Biogen and Eisai are facing a three-month delay from the FDA regarding their application to use a subcutaneous formulation of their Alzheimer's therapy, Leqembi, for treatment initiation. The FDA has requested additional information, classifying the submission
as a major amendment, which has pushed the decision date from May 24 to August 24. Leqembi, initially approved in January 2023, is currently administered intravenously.
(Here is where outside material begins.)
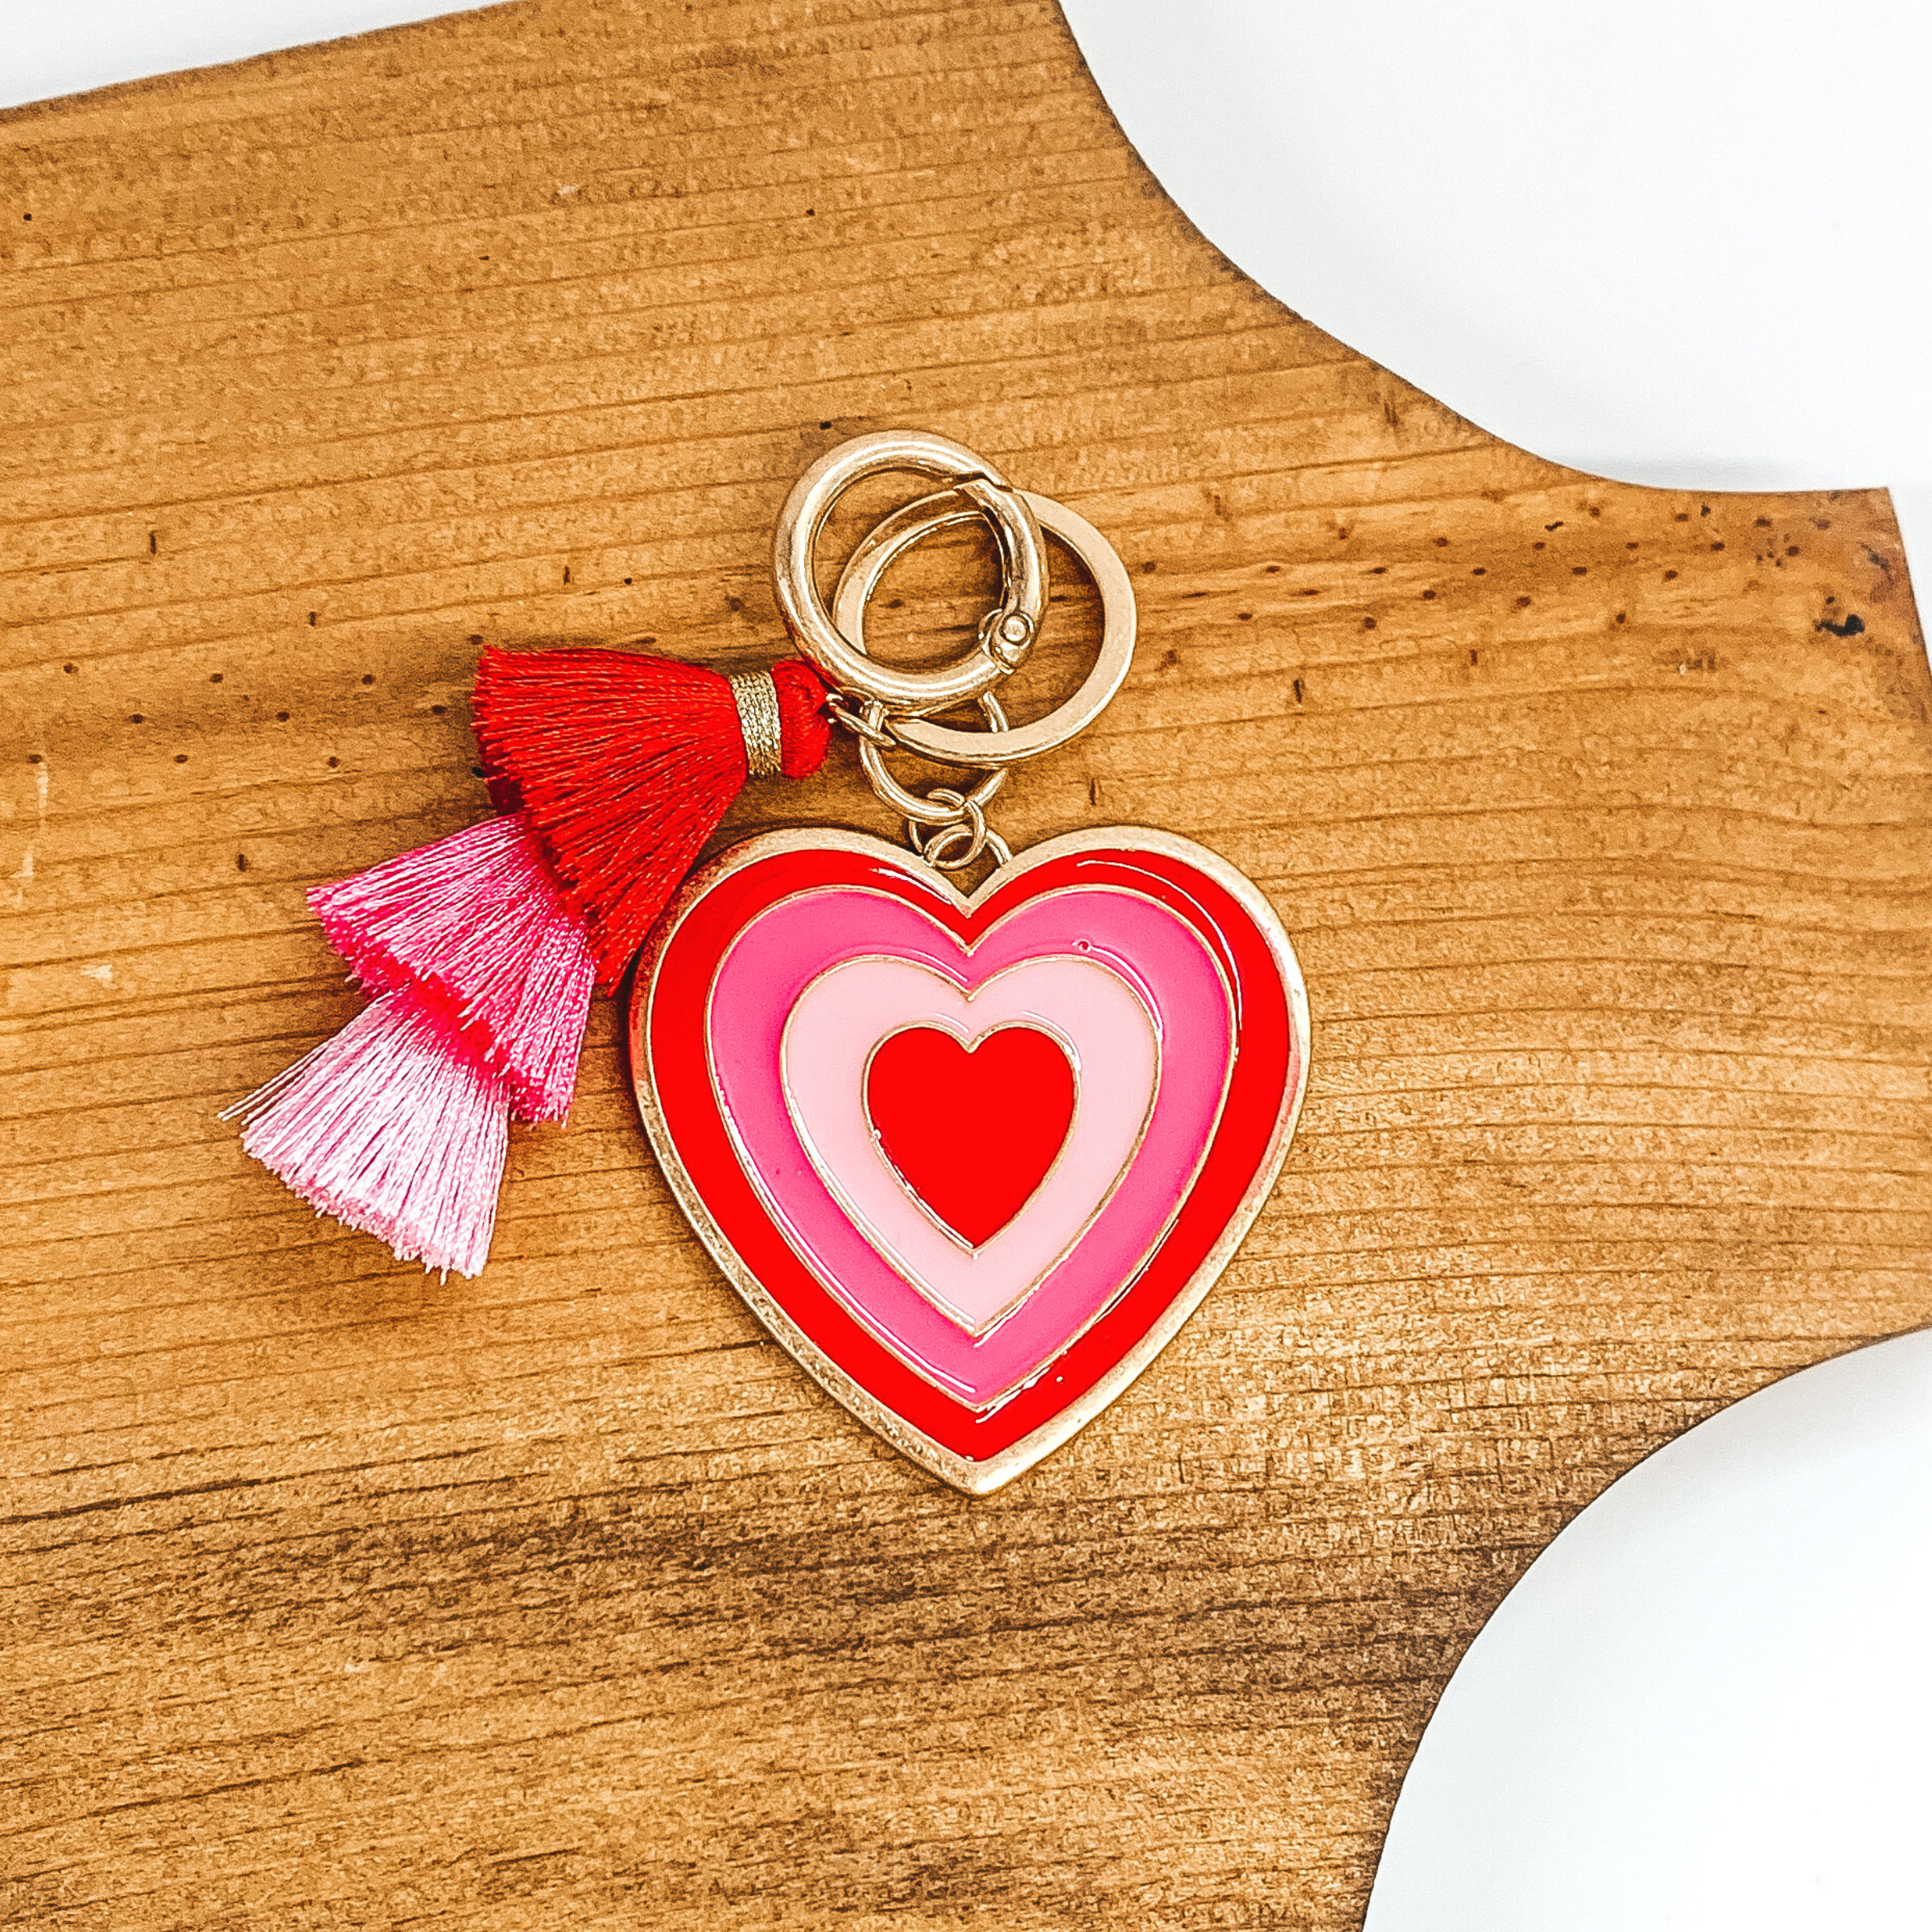 Gold heart pendant key chain with a tassel in that include the colors red, pink, and light pink. One side of the heart includes layers of hearts that includes the colors red, pink, and light pink. The other side is gold with an engraved outline in black and "xoxo' engraved in black. This key chain is pictured laying on a tan block on a white background.

The new subcutaneous version, Leqembi Iqlik, was approved for maintenance treatments in September 2025, allowing for at-home administration. Biogen and Eisai aim to use this formulation from the start of treatment, eliminating the need for intravenous infusions. Analysts suggest the delay will have limited impact on Biogen, as reimbursements for the drug are not expected until 2027.
Why It's Important?
The delay in FDA approval for the subcutaneous version of Leqembi could affect Biogen and Eisai's competitive positioning in the Alzheimer's treatment market. The subcutaneous formulation offers a more convenient administration method, potentially increasing patient adherence and expanding market reach. This development is crucial as it could influence the companies' ability to compete with Eli Lilly's Kisunla, which offers a once-monthly infusion. The decision also impacts the broader pharmaceutical industry, as it highlights the regulatory challenges and timelines associated with bringing new drug formulations to market. The outcome of this review could set precedents for future drug approvals, particularly in the field of Alzheimer's treatments.
What's Next?
Biogen and Eisai are expected to provide the additional information requested by the FDA to support their application for the subcutaneous formulation of Leqembi. The companies anticipate a decision by August 24, which will determine whether they can proceed with offering the subcutaneous version as an initial treatment option. If approved, this could significantly enhance the convenience and accessibility of Alzheimer's treatment, potentially increasing market adoption. The pharmaceutical industry will be closely monitoring this decision, as it may influence future regulatory strategies and competitive dynamics in the Alzheimer's treatment space.